── Data section ──
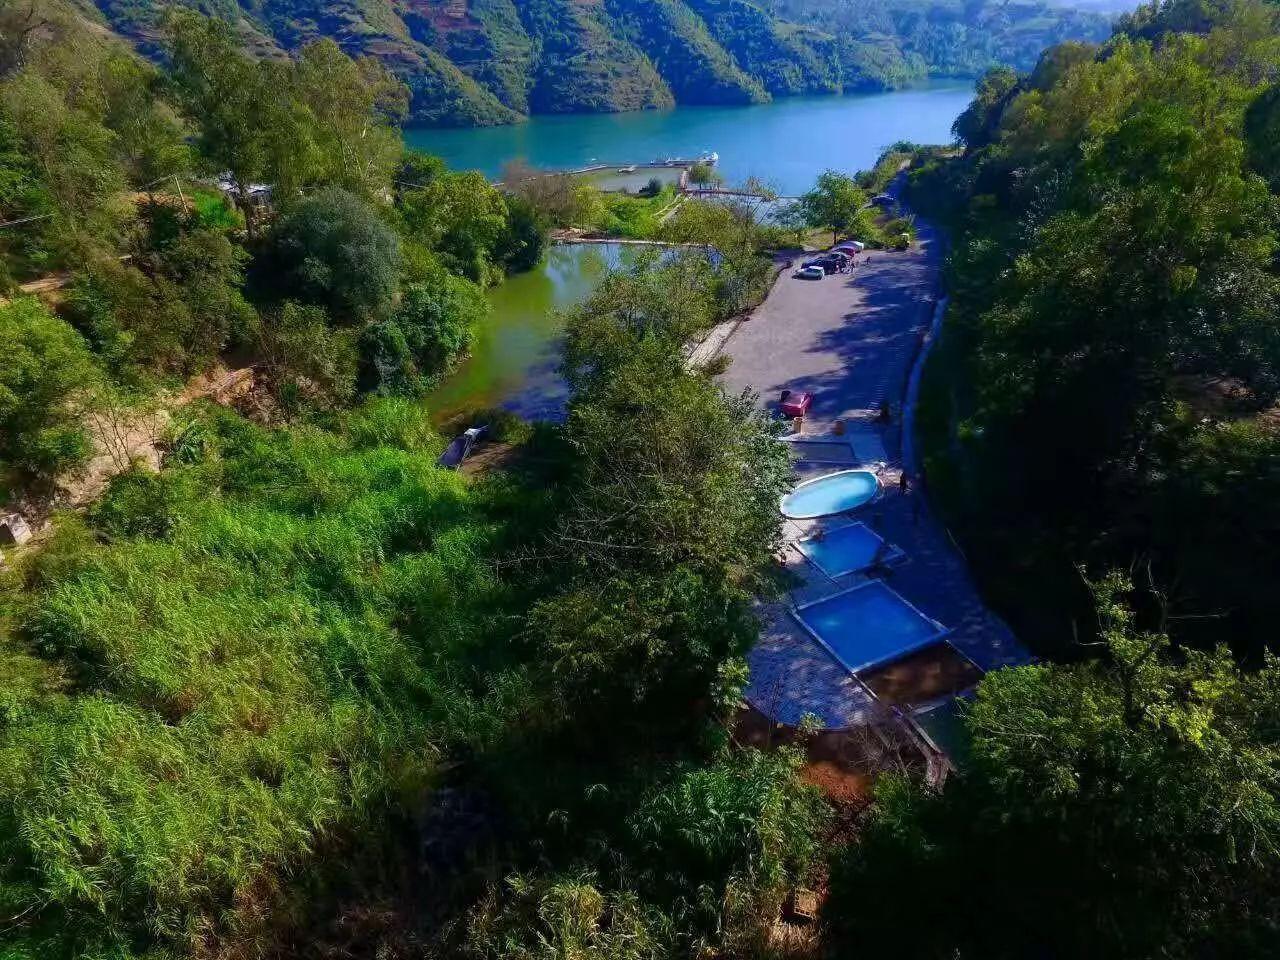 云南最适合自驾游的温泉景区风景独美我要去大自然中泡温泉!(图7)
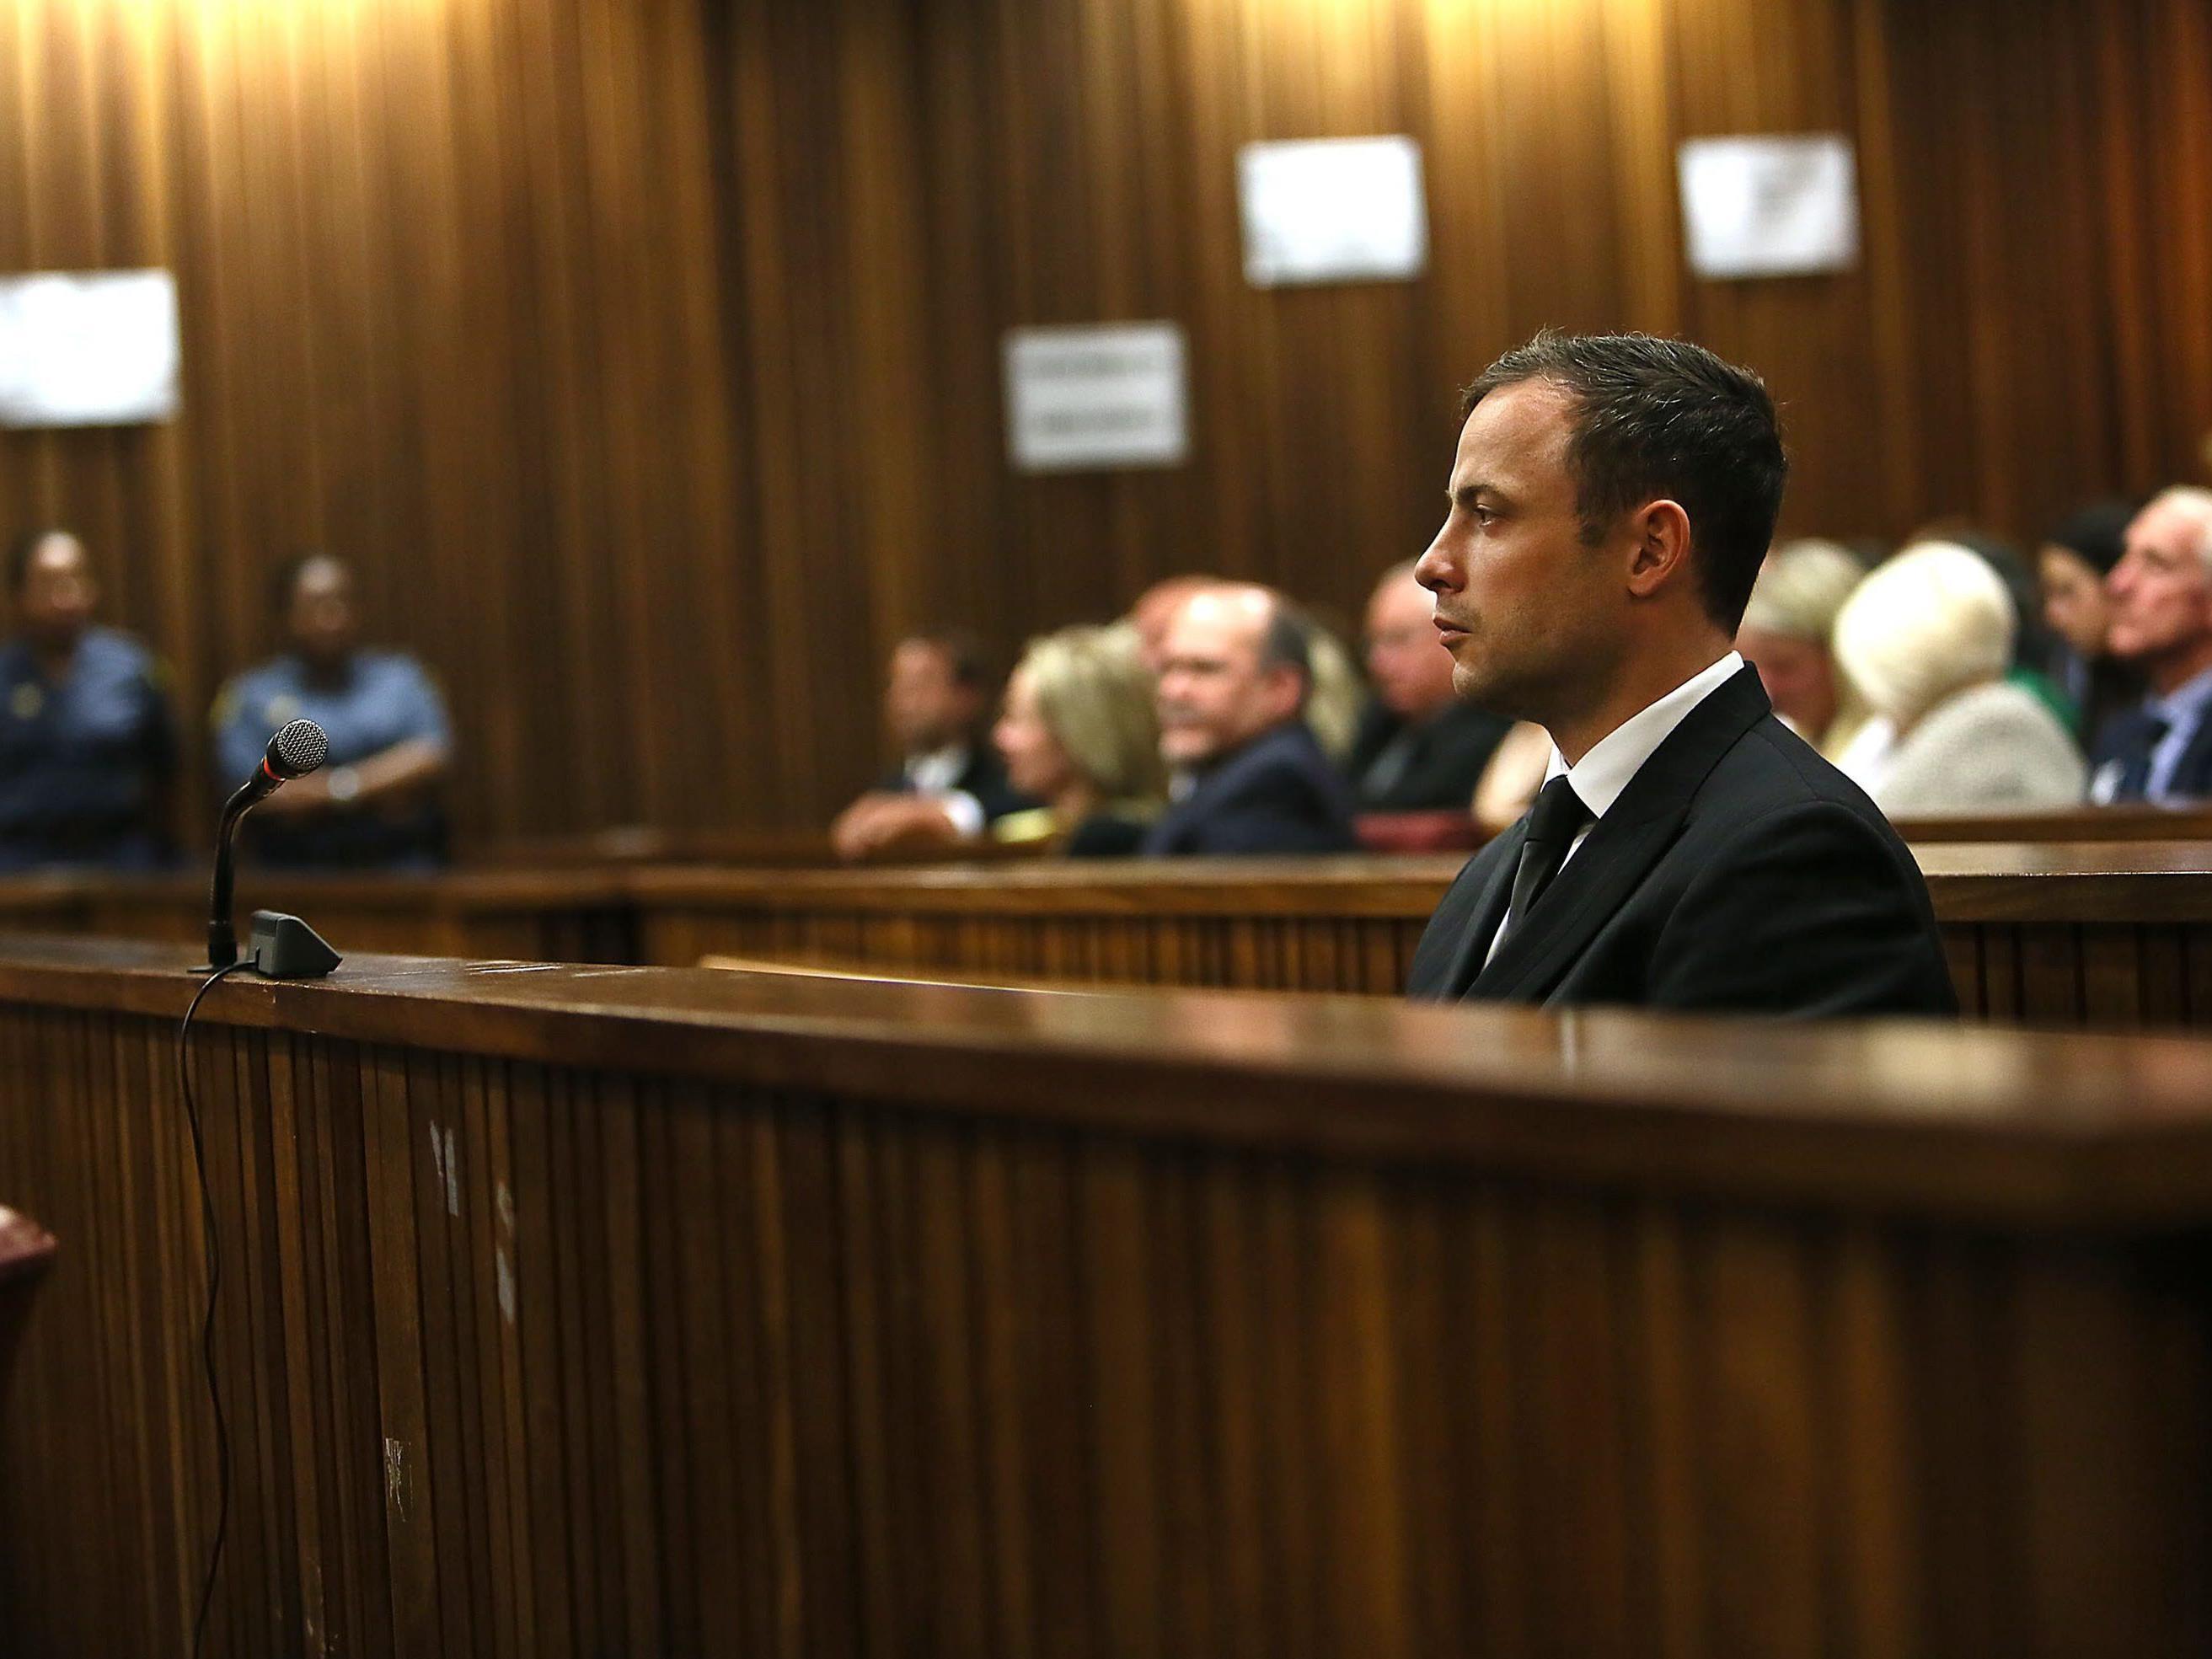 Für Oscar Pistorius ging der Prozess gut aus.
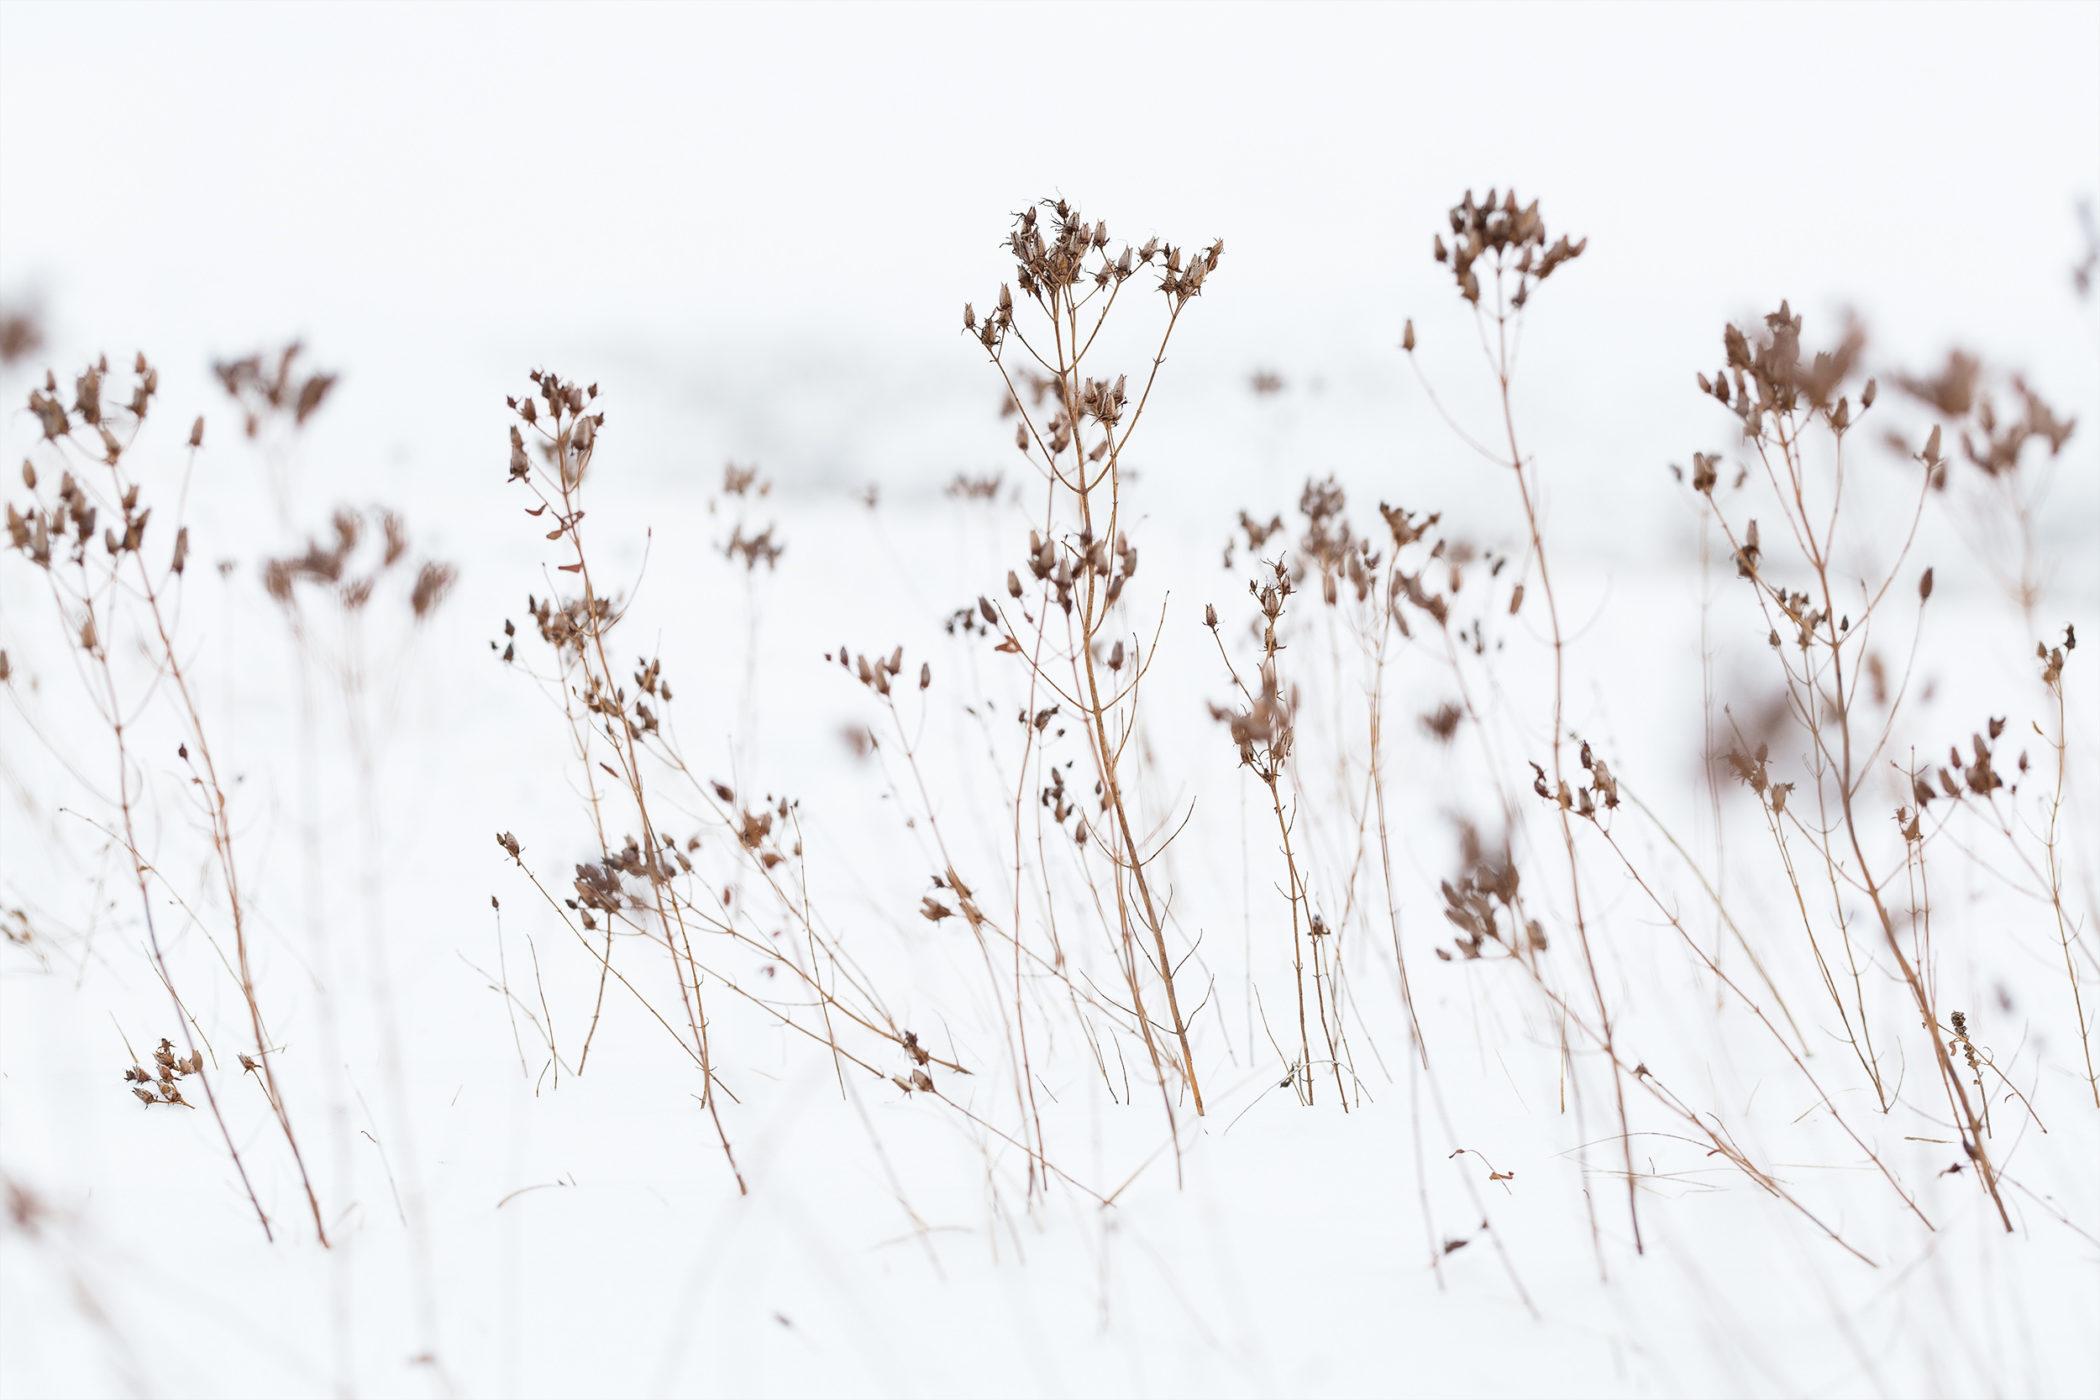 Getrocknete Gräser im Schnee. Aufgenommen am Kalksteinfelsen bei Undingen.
───
» **Problem statement**
Output the full material exactly as given, without its pictures.

» **Written answer**
 云南最适合自驾游的温泉景区风景独美我要去大自然中泡温泉!(图7)
 Für Oscar Pistorius ging der Prozess gut aus.
 Getrocknete Gräser im Schnee. Aufgenommen am Kalksteinfelsen bei Undingen.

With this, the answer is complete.